Strangers on the internet
Originally Published: October 15, 2010
I have an email address and chat with some of my friends online. My problem is I have to keep changing my email address because someone/people keep hacking into my email account. It is very frustrating. I try to keep my password and account as secure as possible, but it doesn't seem to make any difference. Also I keep getting people I don't know adding me to their contacts lists on my chat program. They pretend they know me and say they go to my school. For example, one guy who said his name was Carl said I gave him my email address in assembly at school. I knew this was a lie because I go to an all-girls school. I really want this to stop, but I don't know how!
Annoyed and Upset Girl
Dear Annoyed and Upset Girl,
Chatting online may be an excellent way to connect — it's free (unlike texting) and it's instantaneous (unlike email). And the keyboard has way more emoticon options than a cell phone. It would make anyone annoyed and upset to have to deal with the harassment you're experiencing. You're on the right track thus far with the steps you've taken to protect yourself online. Some more tips to try include:
- Avoid sharing your password with anyone, no matter how close you are to them. Some people choose to share their passwords with people they're dating or their closest friends, sometimes as a way of demonstrating trust or closeness. Unfortunately, some people may take advantage of this. Try to keep passwords to email accounts, chat rooms, social networking websites, or any other online space that you visit to yourself only.
- Are you logging in on public computers? Remember to log off when you're done and to delete the browser's history. Most web browsers have an option in the pull down menu at the top of the screen that lets you delete browsing history. This is a good safety measure to use whenever you login to your account on any shared computer.
- Use a screen name that doesn't resemble your real name. May people who aren't friends of yours identify you by your screen name? Make sure it's something totally different from your real name.
- Get into the habit of changing your password every few weeks and keep it hidden if you write it down. Some password tips: use at least eight characters and mix it up (use symbols, numbers, spaces, upper and lower case) if the site allows for them.
- If people add you to their chat list and you don't know them, decline them. If this option isn't available, block them entirely. Check your privacy settings. Can you make your screen name and email invisible to others who aren't on your list? This may be a good safety measure, as well.
- Consider switching to another email provider. Some providers have better spam blockers and privacy settings than others. If you continue to experience trouble with your current account, consider switching.
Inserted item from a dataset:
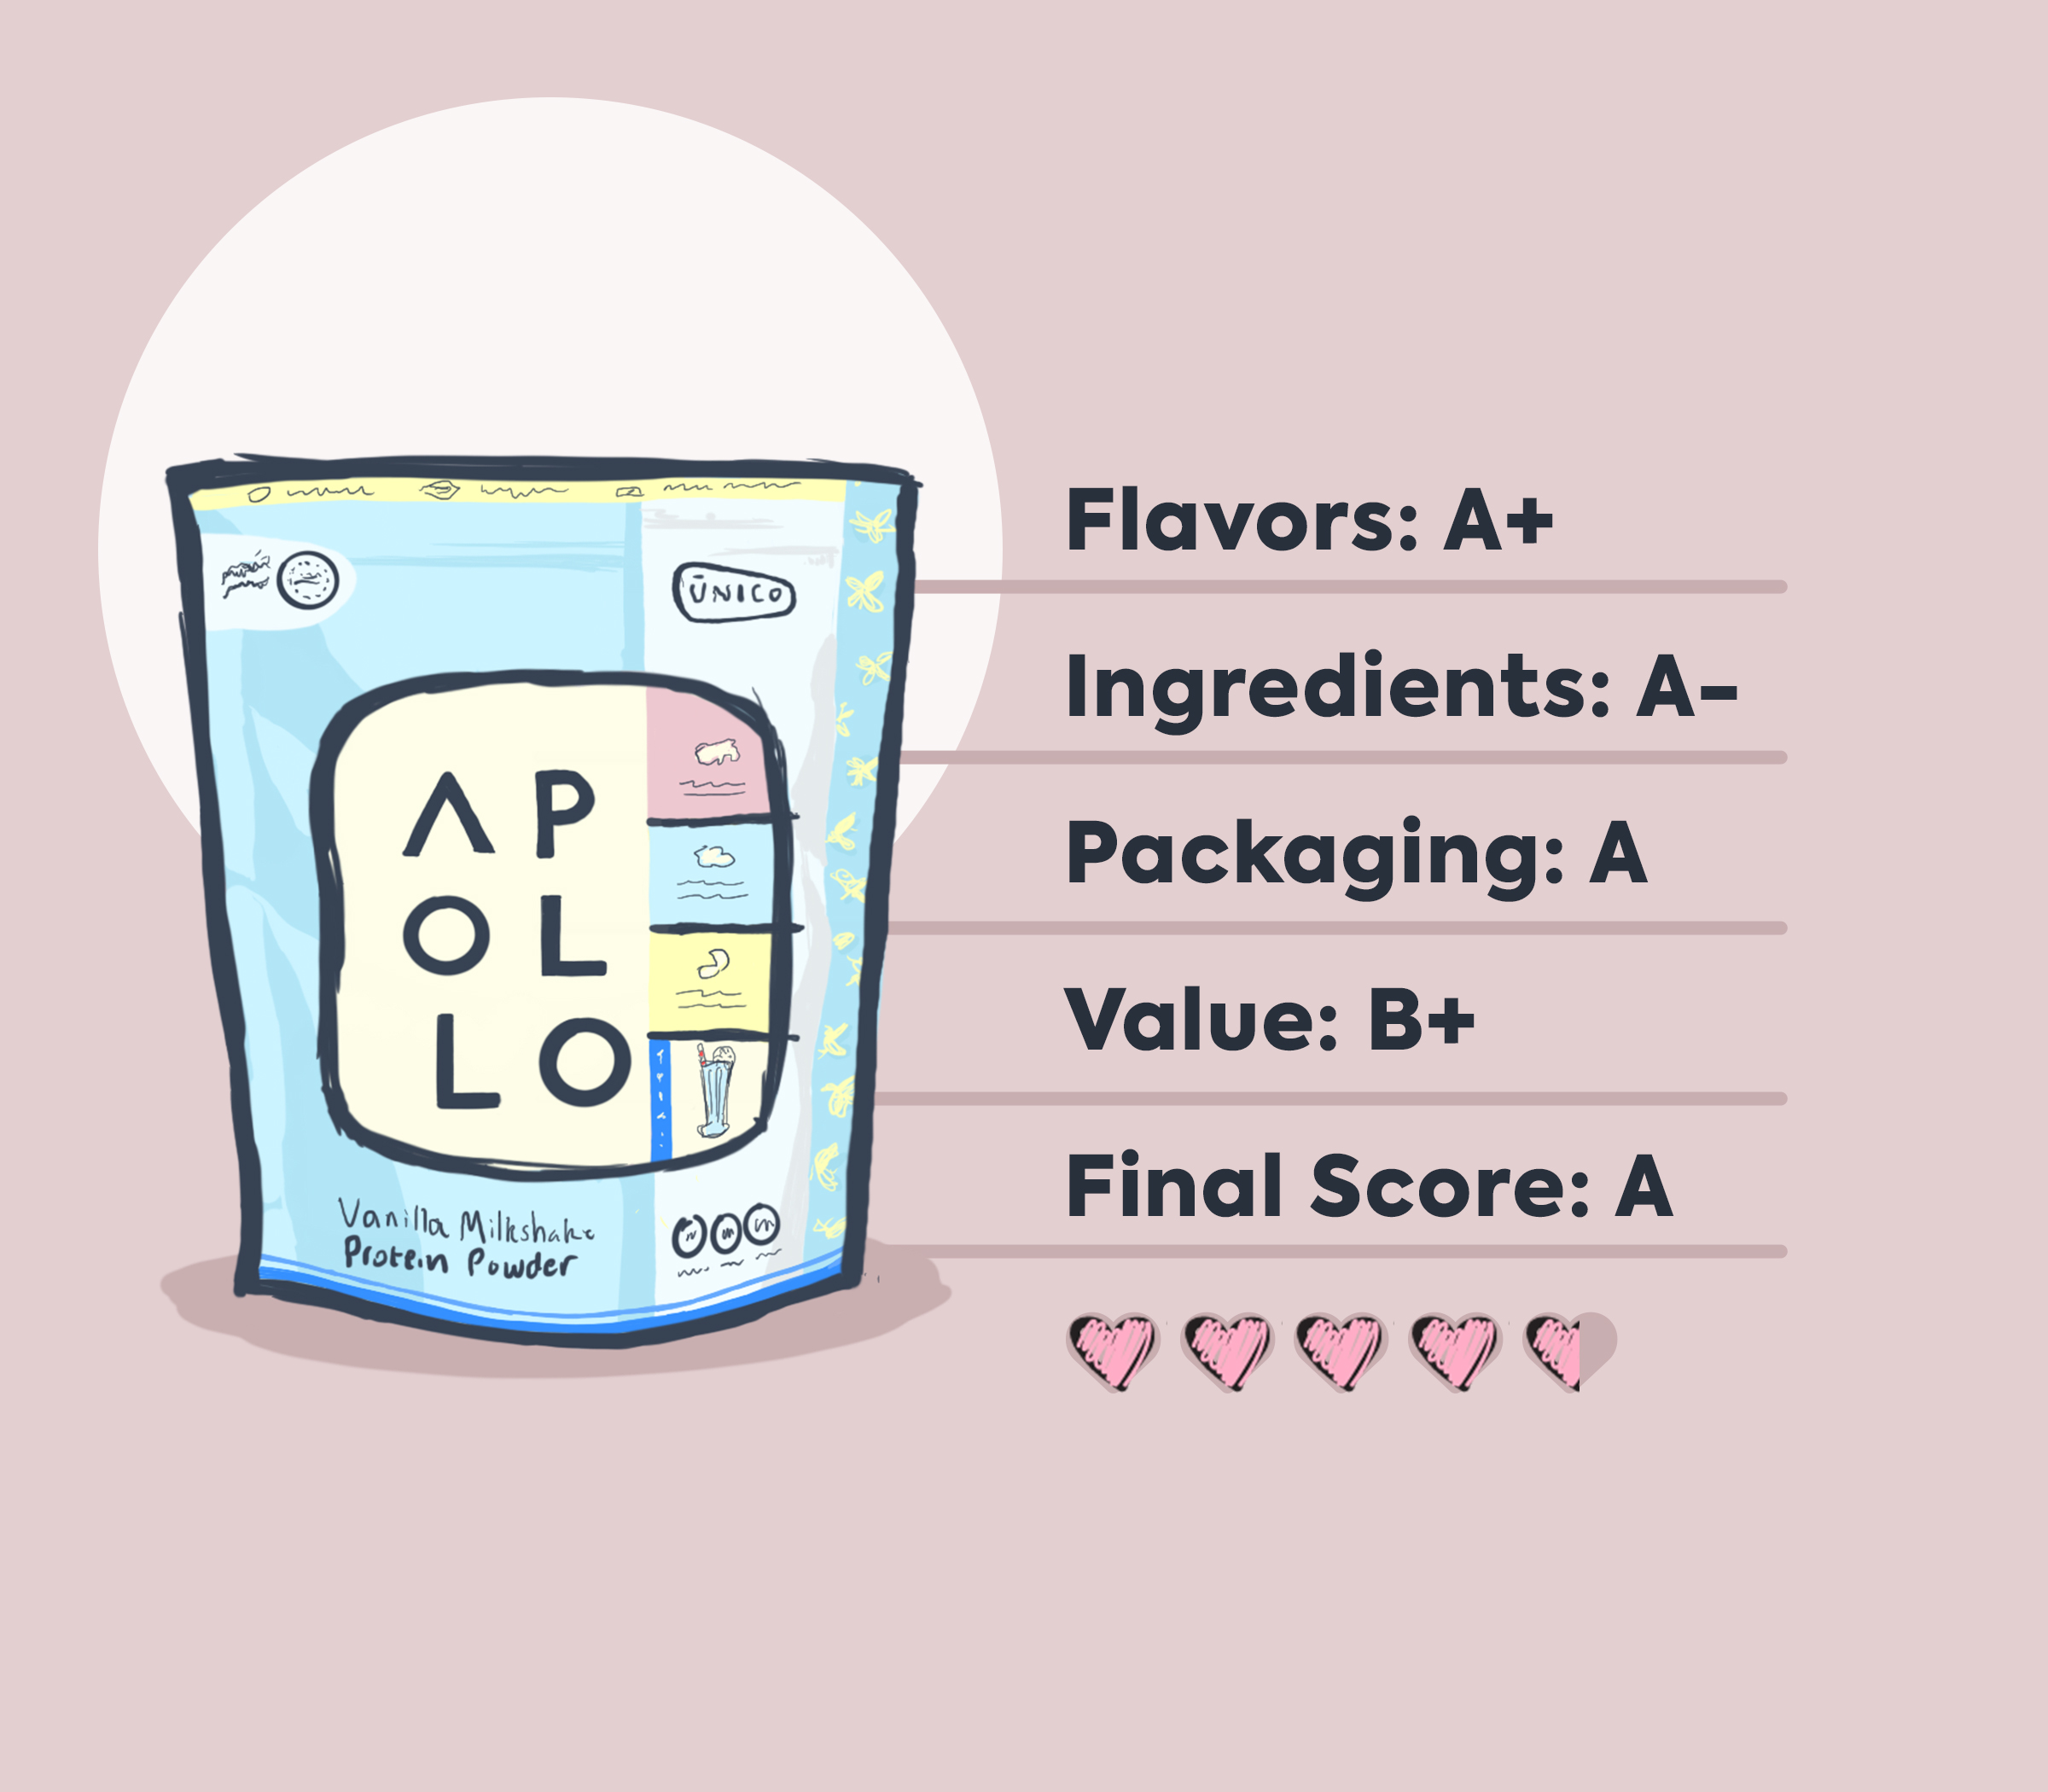 apollo protein packaging illustration with review summary data and information. Blue vanilla flavor is featured, with a dusty rose-colored. background

Your skepticism about "Carl" and other strangers who have tried to chat with you is right on. Generally speaking, it's unwise to chat with or email someone who is harassing you. If someone is persistent, however, it may be useful to set a clear boundary by very clearly telling that person to stop. "Do not contact me anymore" is sufficient. Make sure you save all of the chats or messages from the person — documented evidence of the harassment may come in handy, even though you may have the urge to erase the messages. Lastly, if you feel unsafe or threatened, notify appropriate authorities or call the police. Hopefully, changing services or taking extra precautions with your password will be enough to stop this and you can go back to learning new emoticons.